### REQUIRED ACTION
Begin with the line below holding "Pablo Designs Luci" and go on through the line holding "Fortune Pai Gow Poker Progressive logo", duplicating each line exactly and leaving out pictures.

MATERIAL FOR THIS TASK: Begin

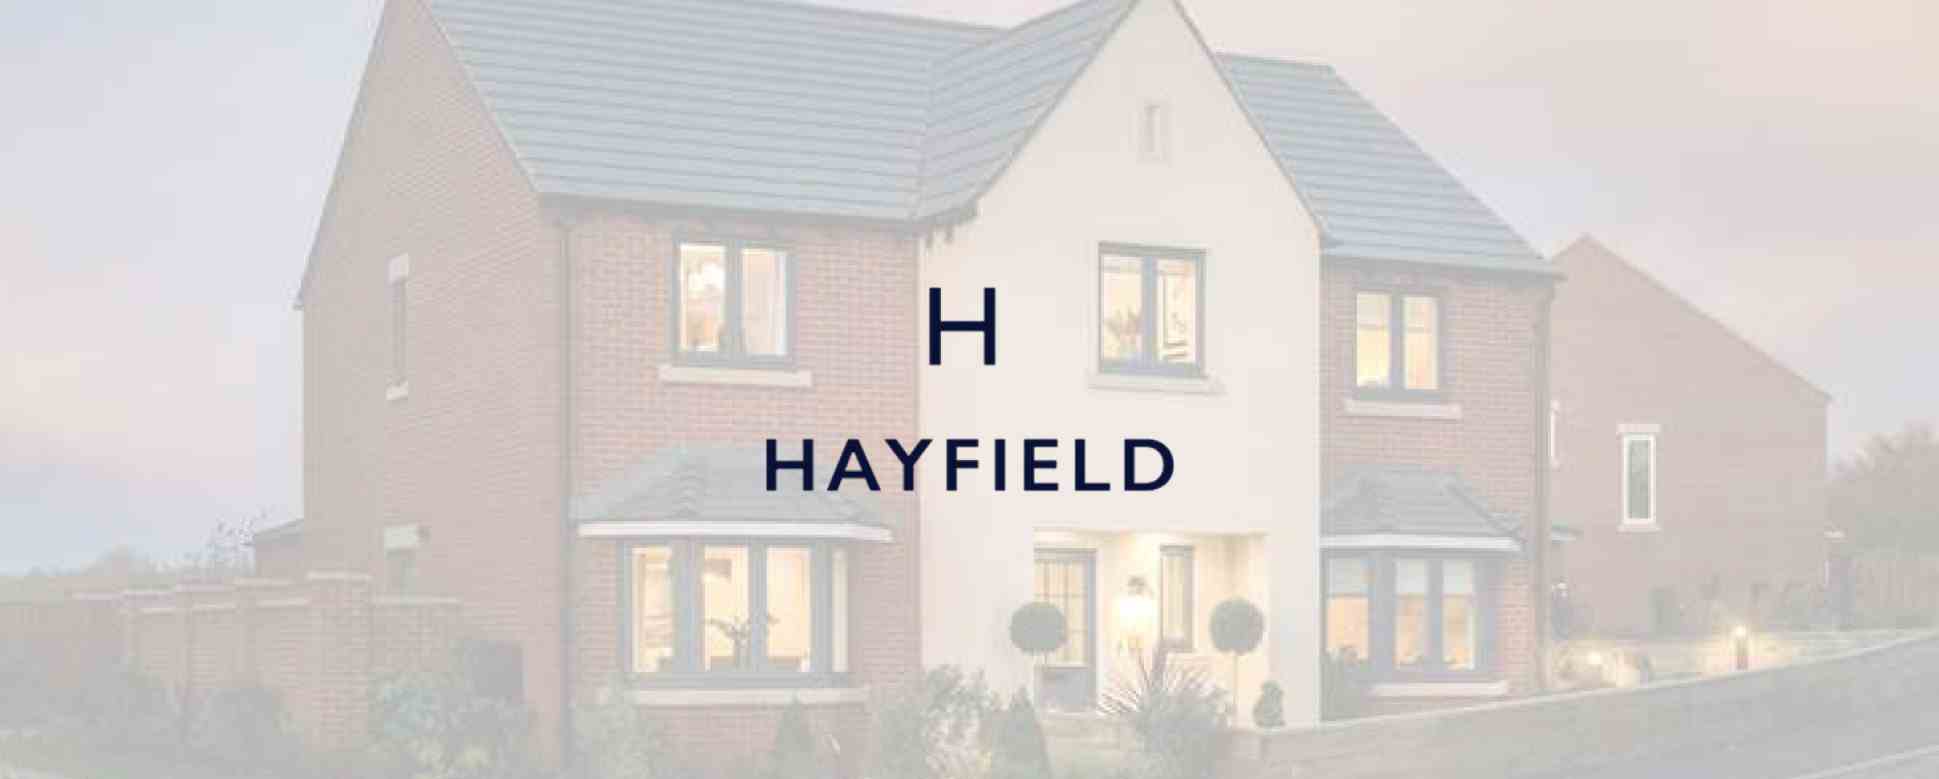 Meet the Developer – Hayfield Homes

MATERIAL FOR THIS TASK: End
MATERIAL FOR THIS TASK: Begin

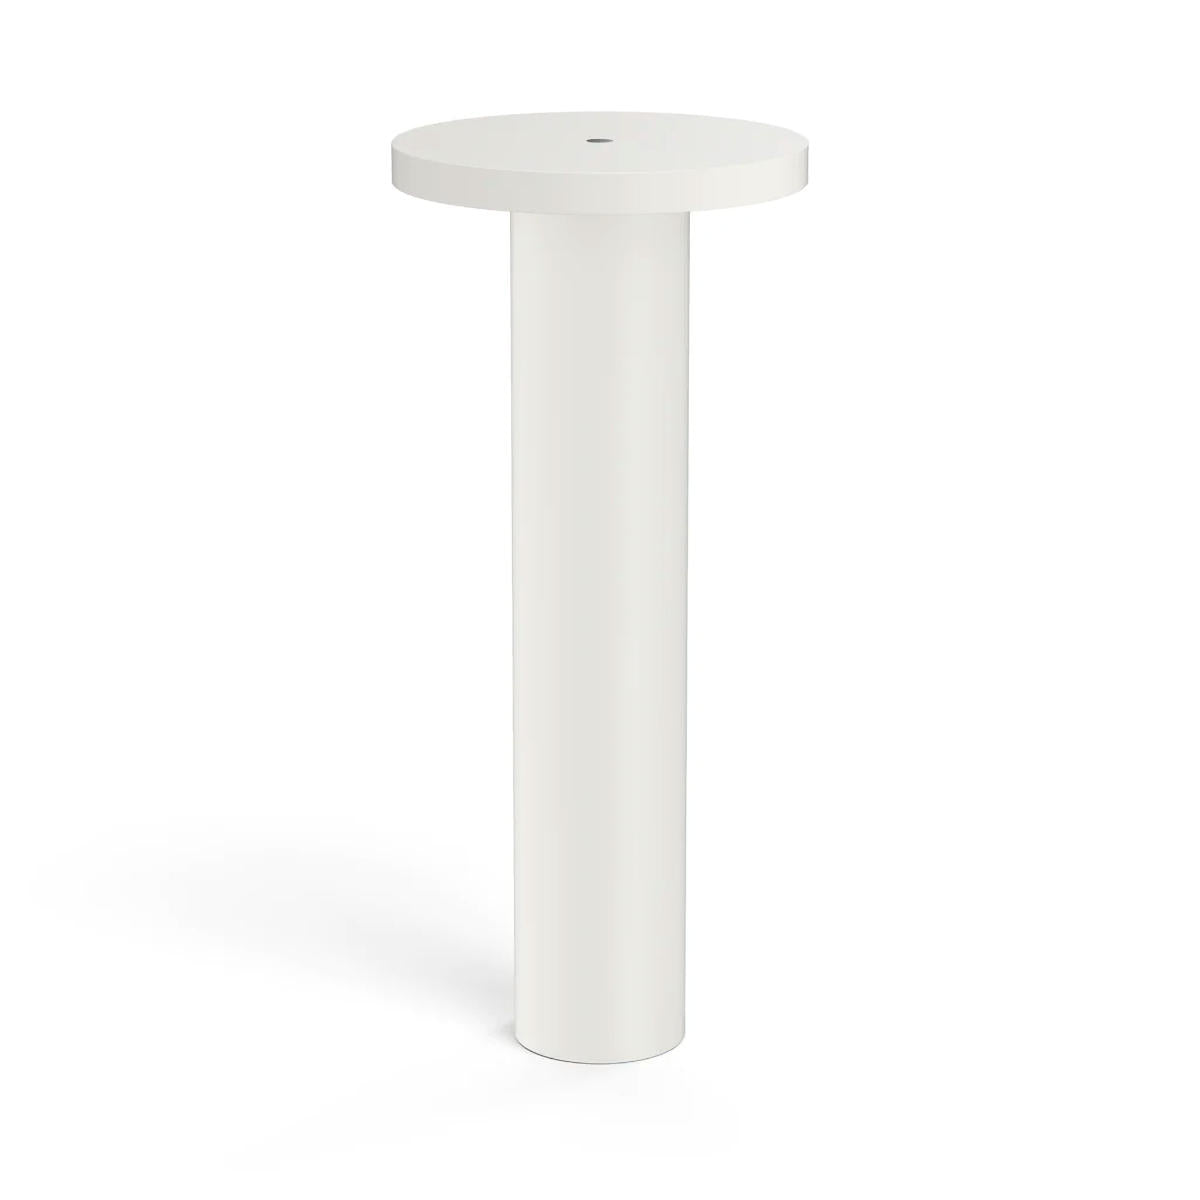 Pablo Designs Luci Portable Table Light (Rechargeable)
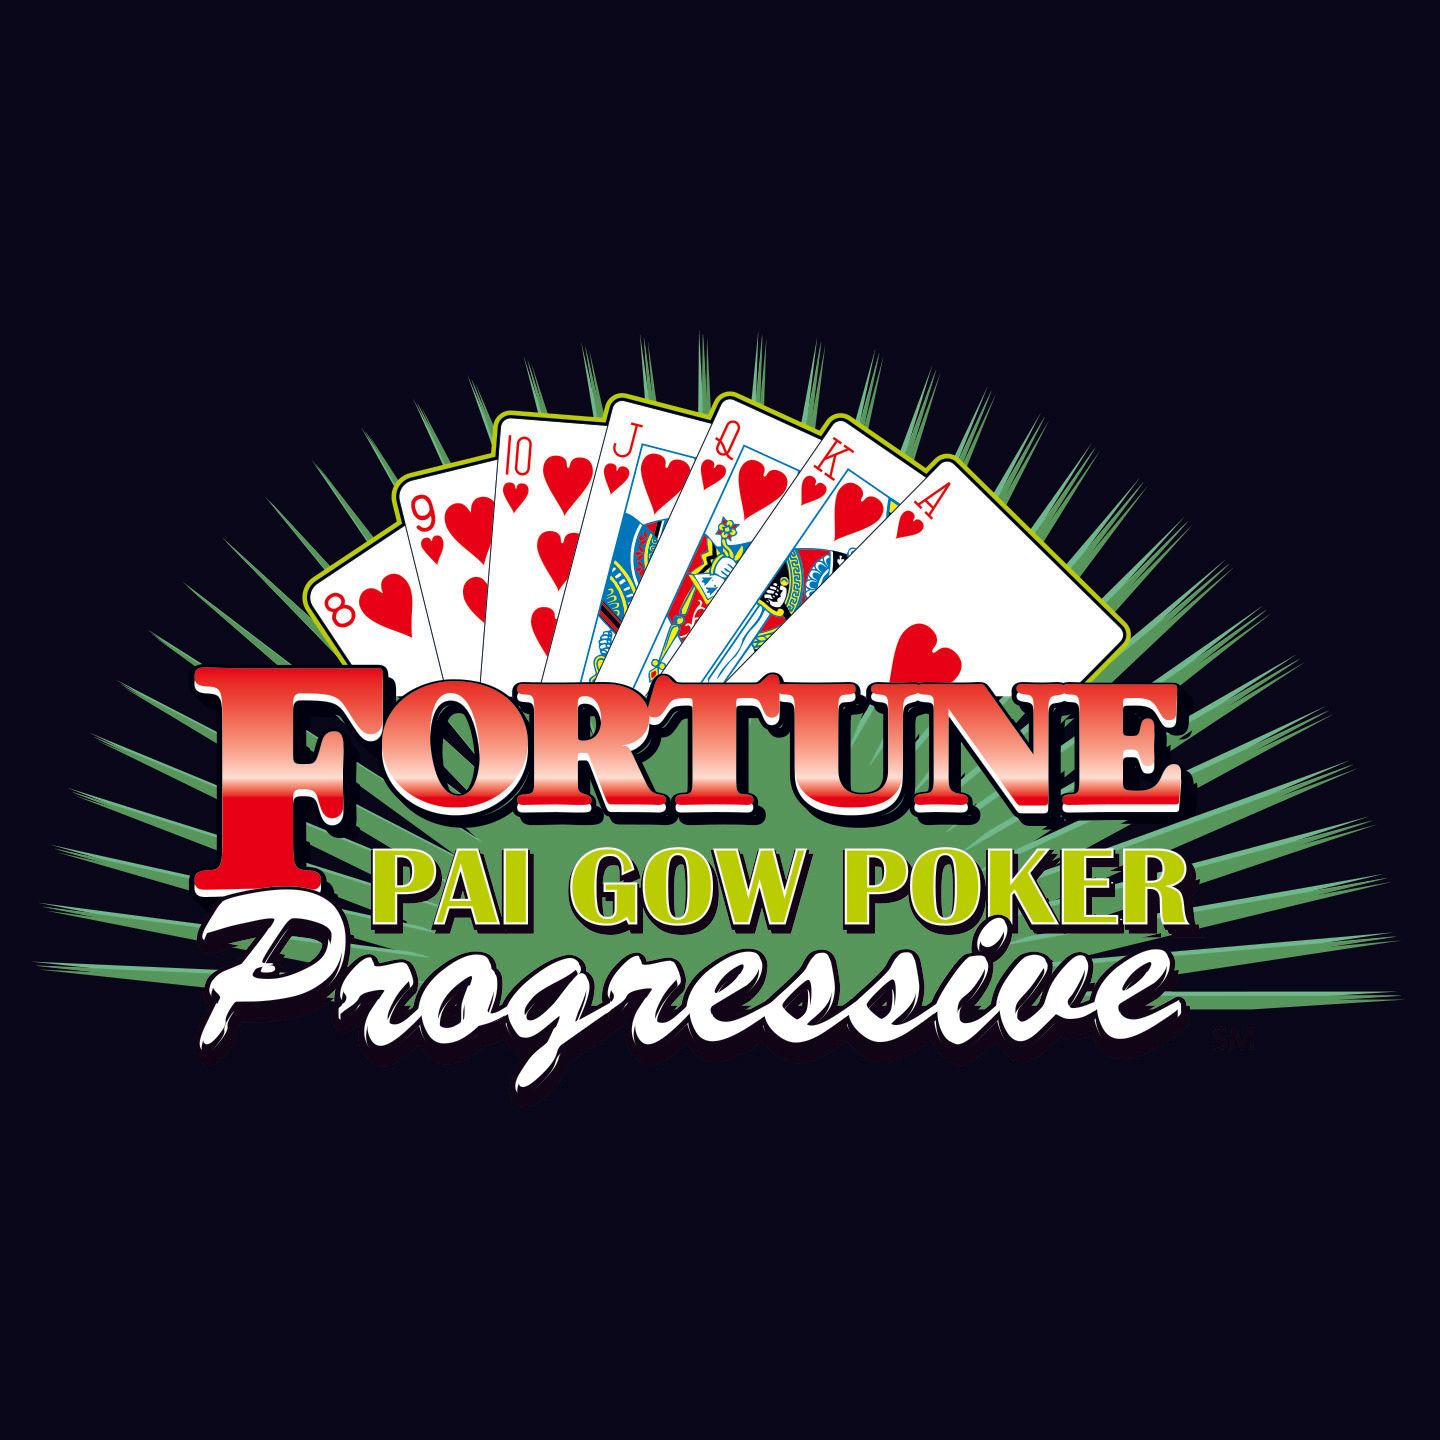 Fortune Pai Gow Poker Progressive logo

MATERIAL FOR THIS TASK: End

### TASK SOLUTION
 Pablo Designs Luci Portable Table Light (Rechargeable)
 Fortune Pai Gow Poker Progressive logo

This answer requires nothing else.